10. Cats: horror has a face

The play had been a hit on Broadway for decades and until now no one had dared to make a movie out of it for the simple reason that it stank of failure. Especially since the piece was filmed and we could therefore see it as Hamilton, which works great on TV. Everything is scary in this film, but the costumes and make-up reach the level of nightmare 10, it makes you uncomfortable in two seconds and it ruins a beautiful work.

11. Dragonball Evolution: tied with Death Note

If I had to find a formula to sum up these two films I think it would be to watch a guy give me the middle finger while burning a ten euro note that I just gave him for an hour and a half.
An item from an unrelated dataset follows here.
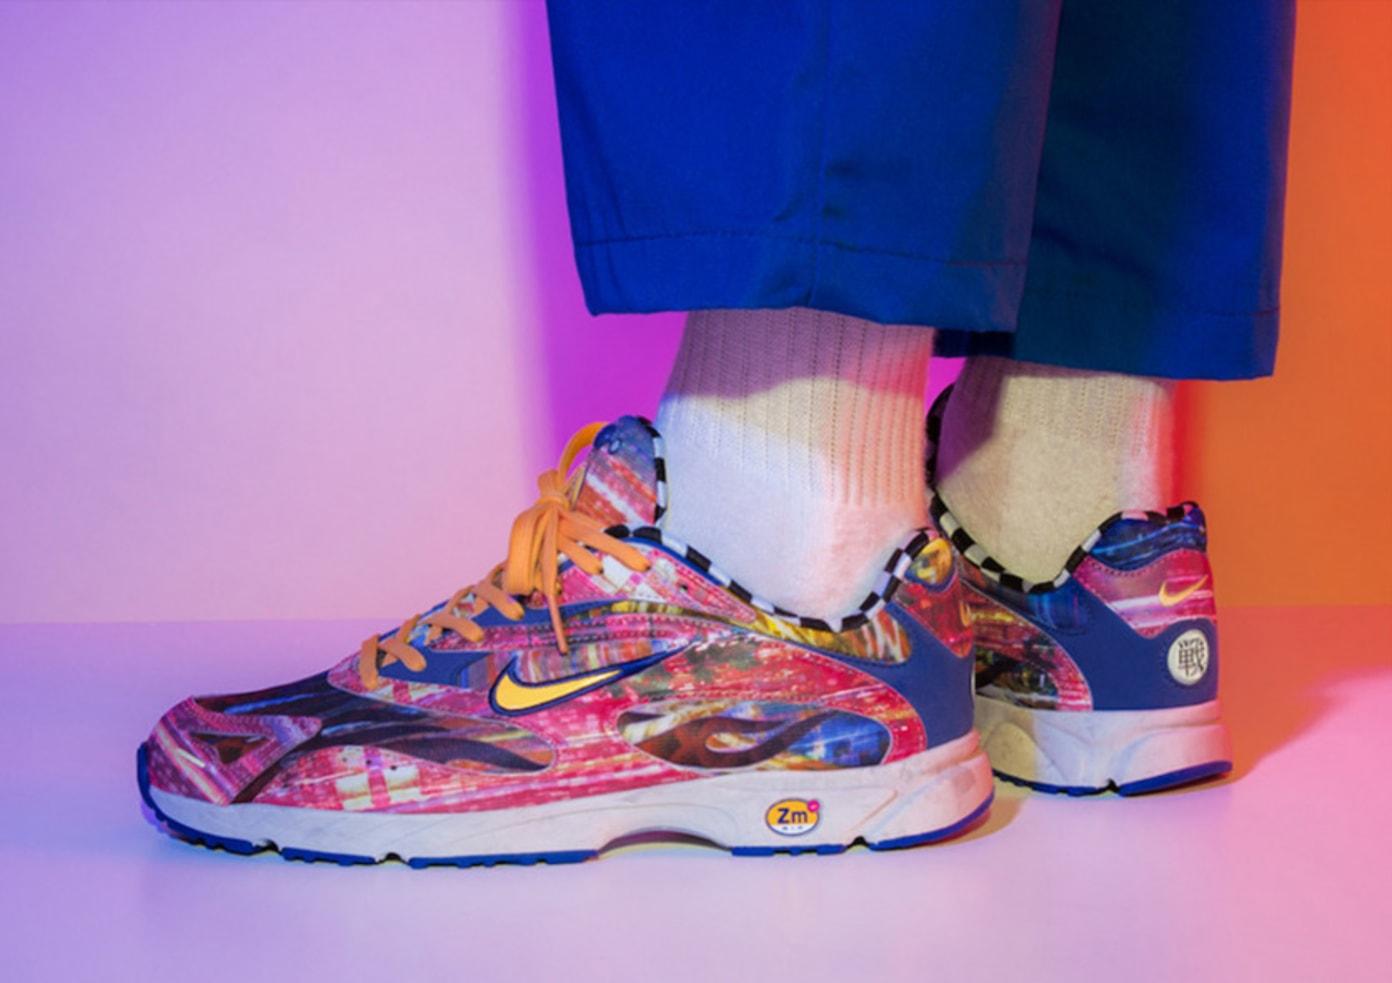 The Nike Zoom Spectrum Plus Premium | Two New Colourways

Not only do the two films completely sweep away the two works on which they are inspired without trying to give a damn about it, but the sets and costumes are also shitty (small mention for Ryuk in Death Note which was the only successful trick). You really want to see again the face of Piccolo which seems straight out of a bad convention of Star Trek ?

12. Rest a bit: the next film by Gad Elmaleh

Yeah nobody saw him since he didn’t come out. But there, like that, at a glance watching the trailer I’m almost certain that it will not be a masterpiece. I could be wrong. But I doubt it. Nah really, there, I doubt it.